Winkelwagen

    Sorry, we konden geen resultaten vinden voor jouw zoekopdracht.

    Wat zijn DNS en nameservers?

    In dit artikel geven we aan hoe DNS en nameservers van domeinnamen werken. Daarnaast leggen we uit welke verschillende DNS-records je bij TransIP kuntgebruiken. De verzameling DNS-records voor je domeinnaam noemen we DNS instellingen. Bij TransIP kun je kosteloos en eenvoudig je DNS en nameservers beheren.


    Nameservers

    Voordat we dieper in gaan op DNS, is het belangrijk om te weten wat de nameservers van een domeinnaam doen. De DNS-records van je domeinnaam worden in de nameservers van je domeinnaam opgeslagen.

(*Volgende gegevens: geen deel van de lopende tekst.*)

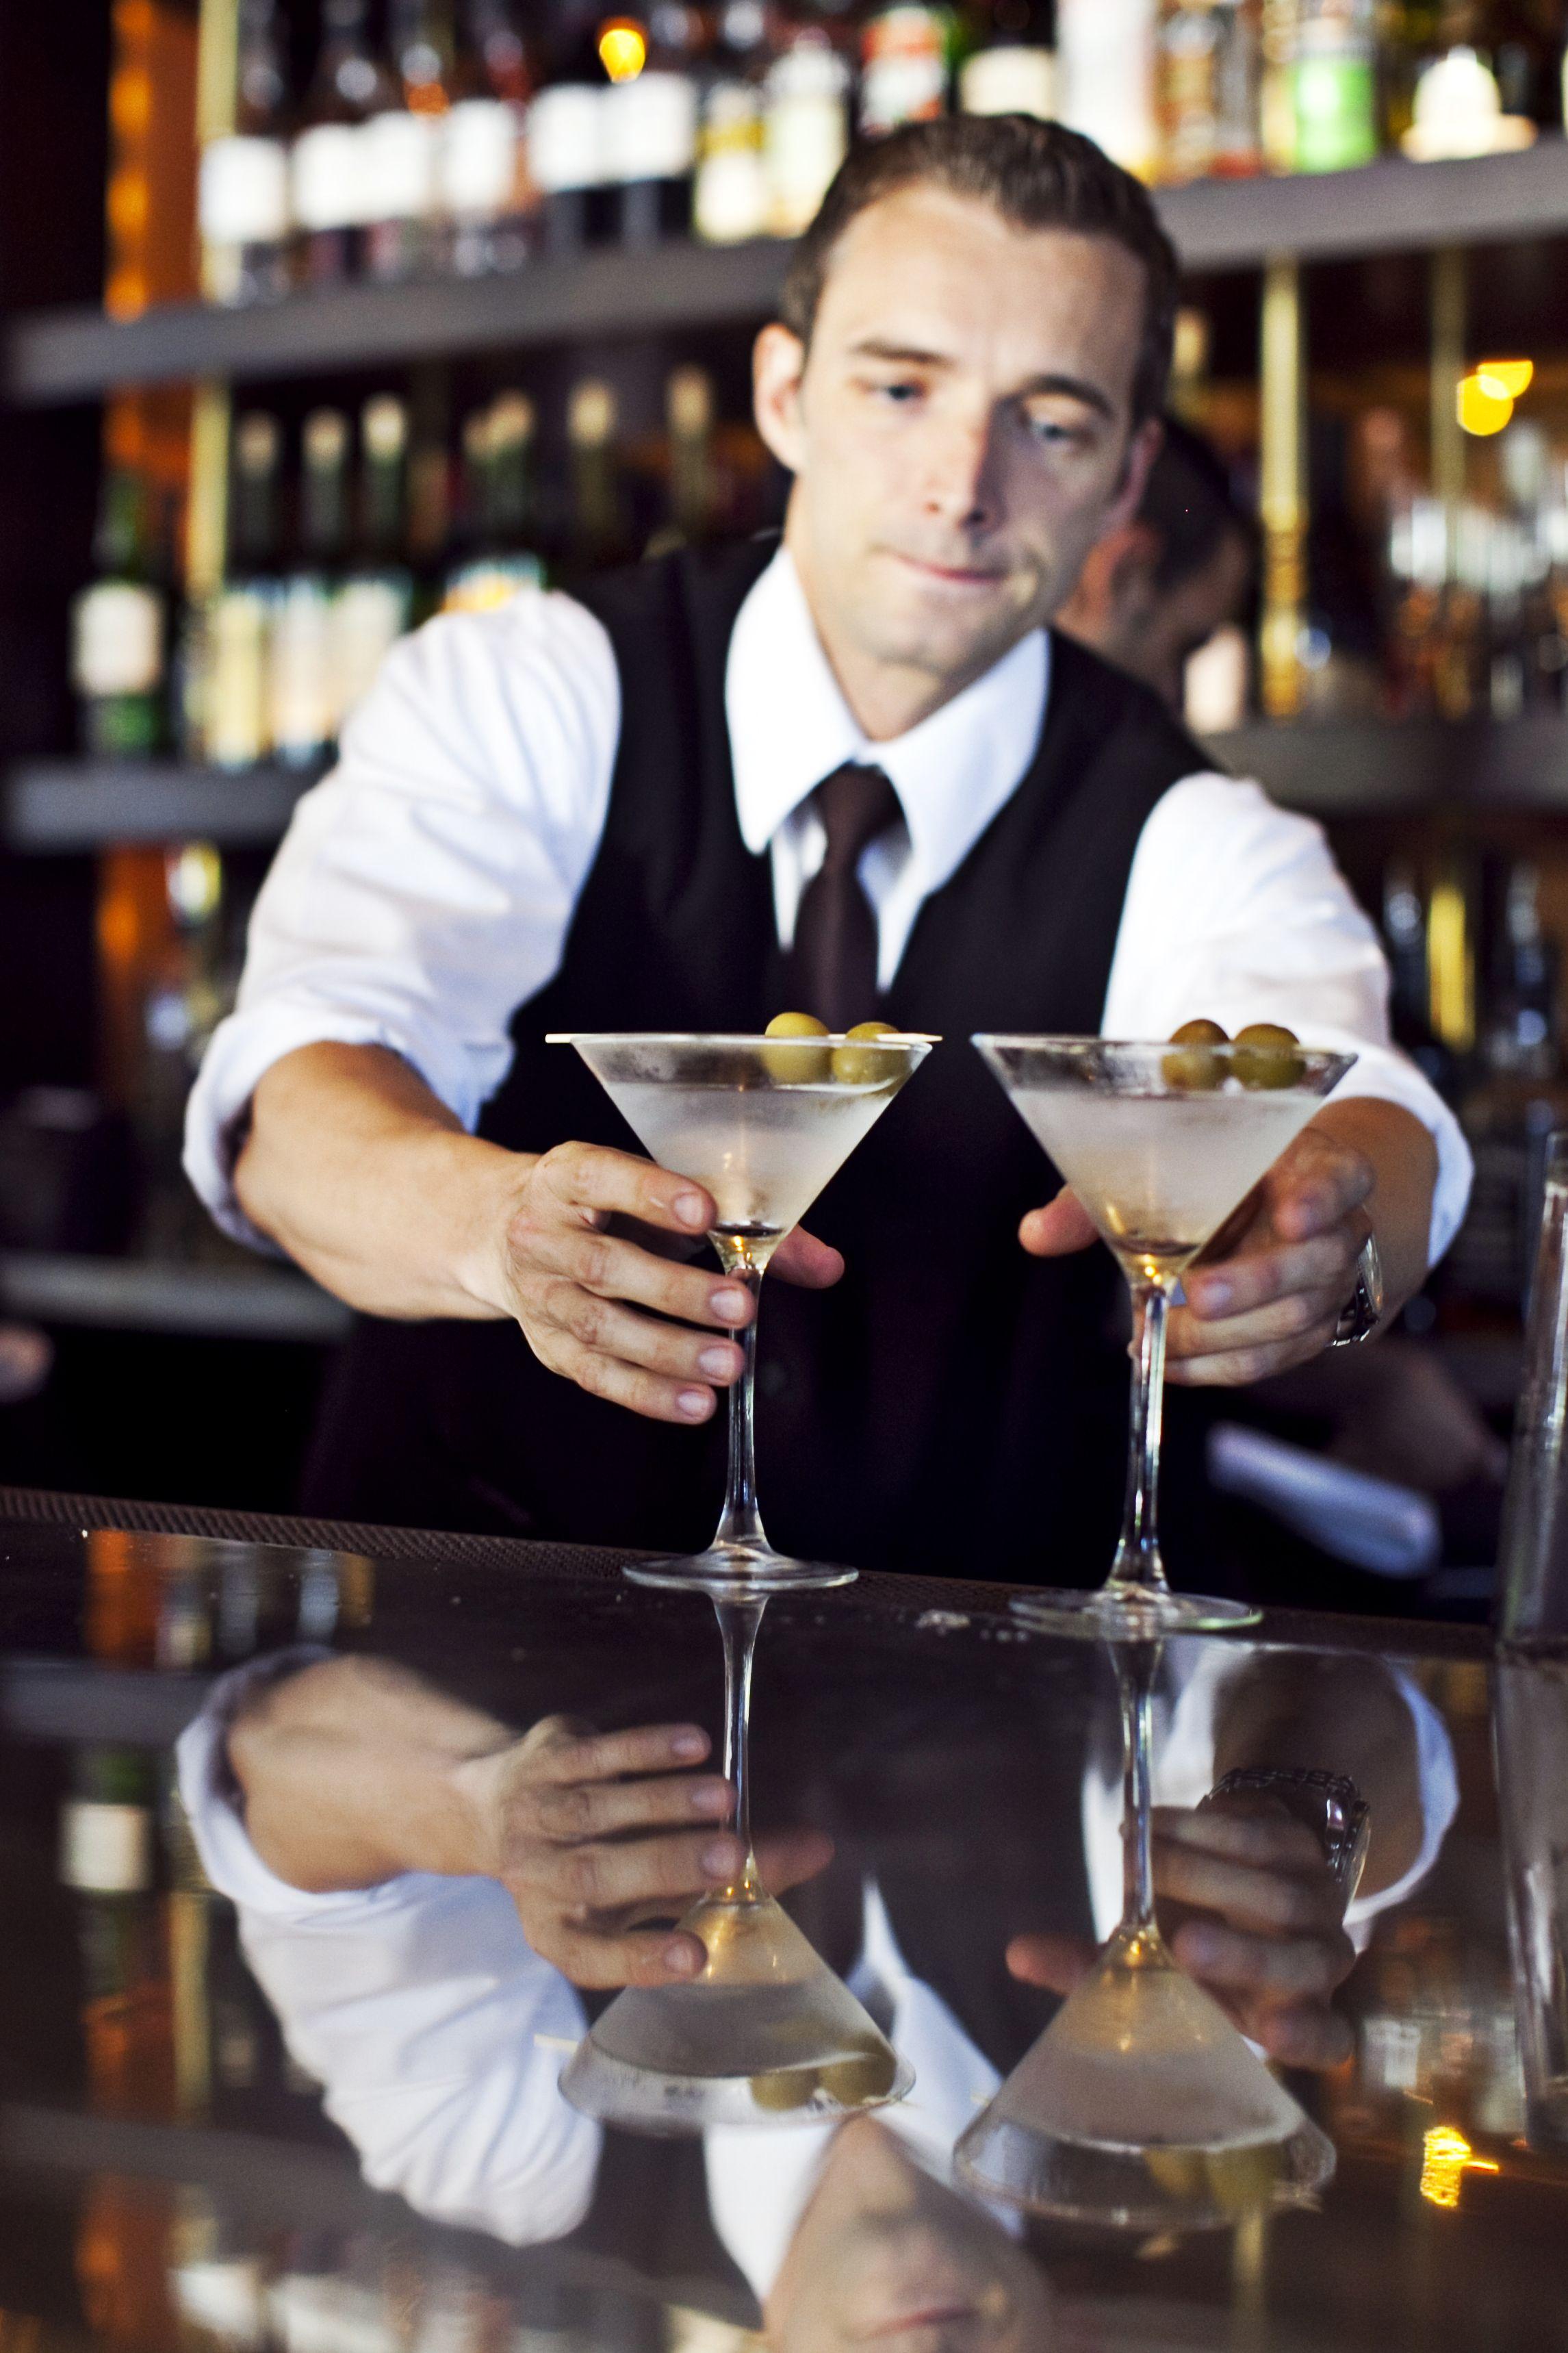 Bistro Niko Martinis Craft beer list, Bar design, Wine list

    Zodra je bijvoorbeeld een domeinnaam in de adresbalk van je browser invoert, wordt er een verzoek gedaan naar de nameservers die voor het domein zijn ingesteld. De nameservers geven vervolgens het IP-adres terug die in de DNS-instellingen van de domeinnaam staan.

    Wanneer je een domeinnaam bij TransIP hebt geregistreerd, wordt er standaard gebruik gemaakt van de TransIP-nameservers. Als een domeinnaam deze nameservers gebruikt, betekent dit dat de bijbehorende DNS-records in jouw controlepaneel actief zijn.

    domein nameservers

    Het is natuurlijk ook goed mogelijk dat je andere nameservers wil gebruiken, bijvoorbeeld als je website bij een andere provider gehost wordt. Sommige providers vragen in dat geval namelijk om hun nameservers te gebruiken. De DNS-records beheer je dan ook bij de andere provider en niet in je controlepaneel.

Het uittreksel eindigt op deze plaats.